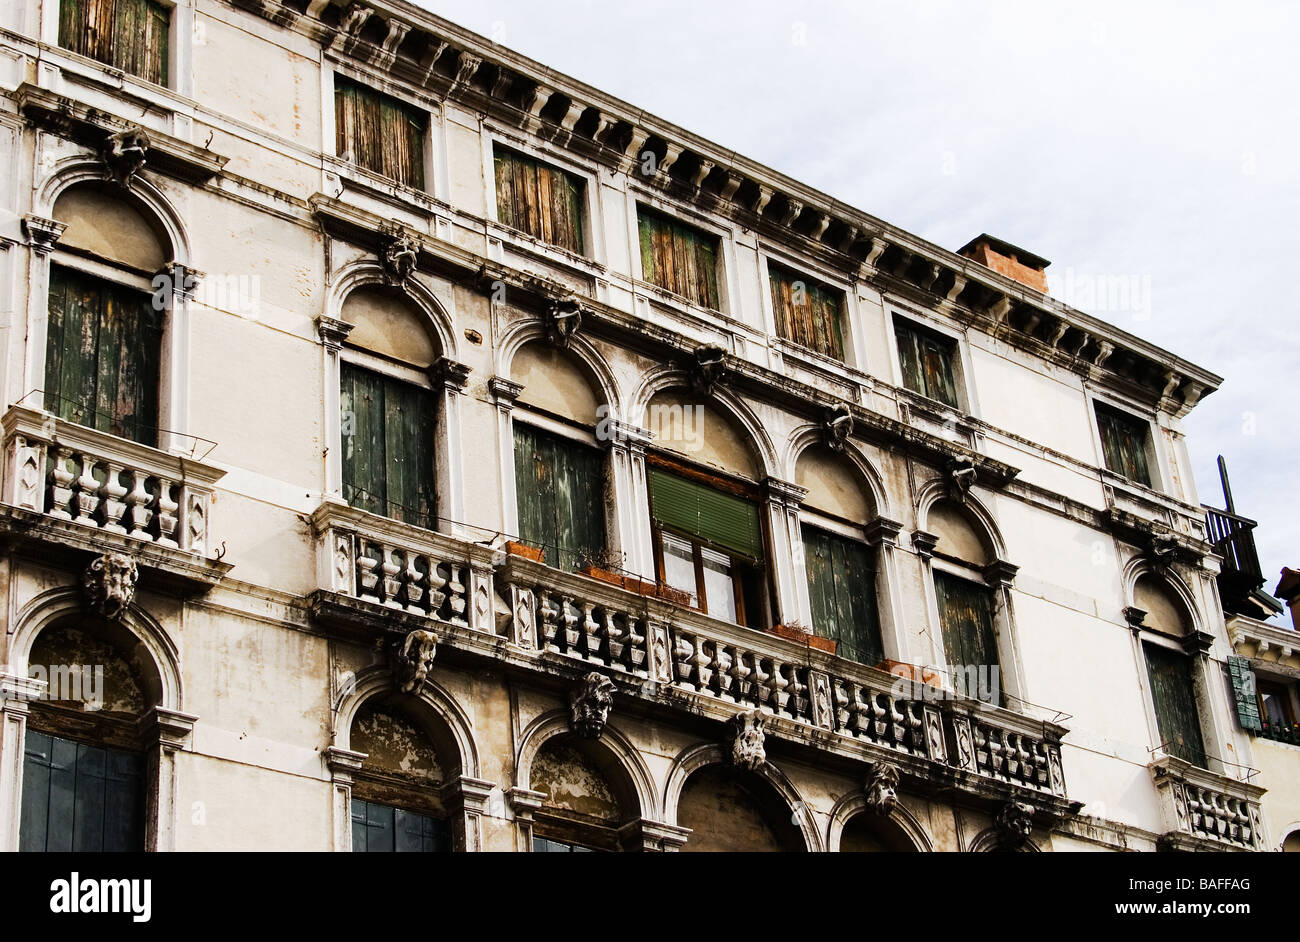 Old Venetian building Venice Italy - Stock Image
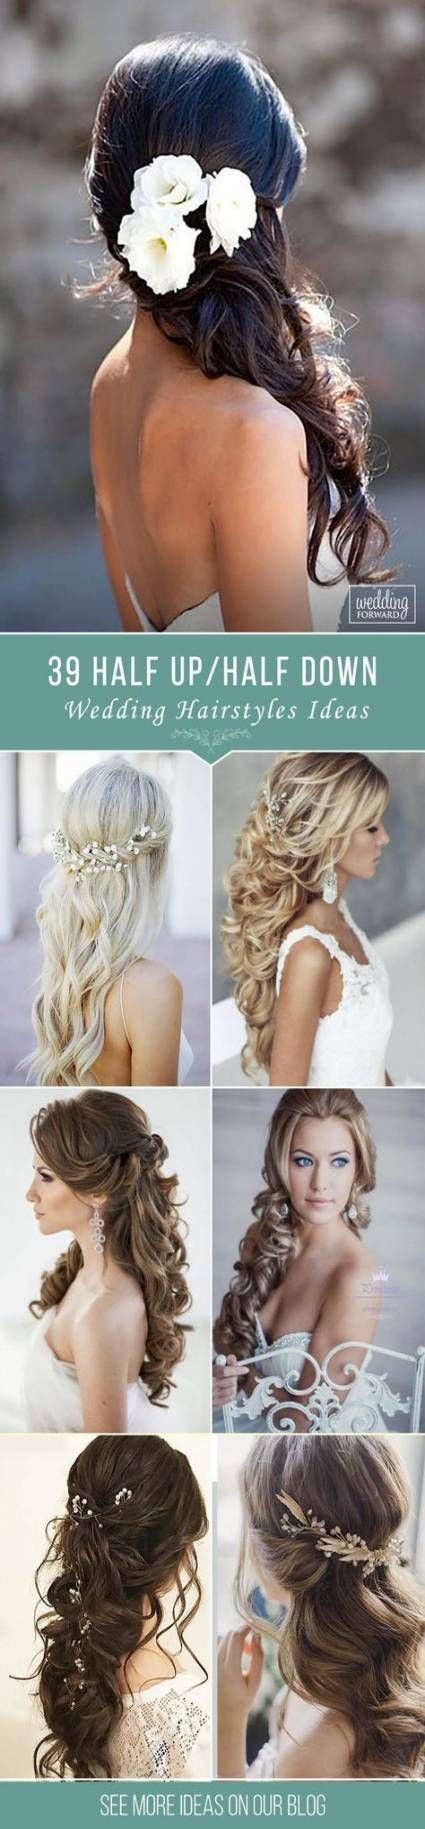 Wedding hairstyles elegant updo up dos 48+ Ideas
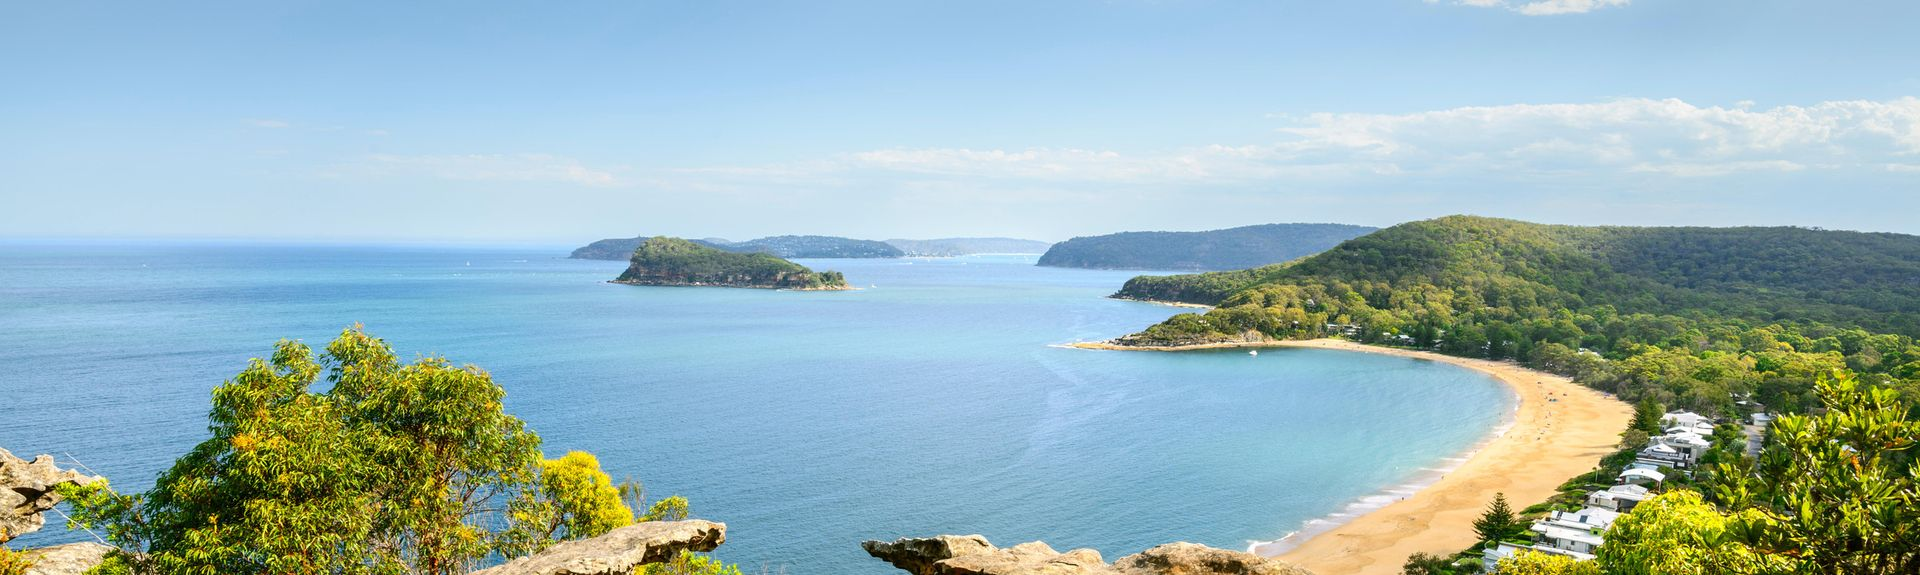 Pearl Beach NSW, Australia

» **Work to complete**
Reproduce the data word for word without its images.

» **Solution for this exercise**
 Old Venetian building Venice Italy - Stock Image
 Wedding hairstyles elegant updo up dos 48+ Ideas
 Pearl Beach NSW, Australia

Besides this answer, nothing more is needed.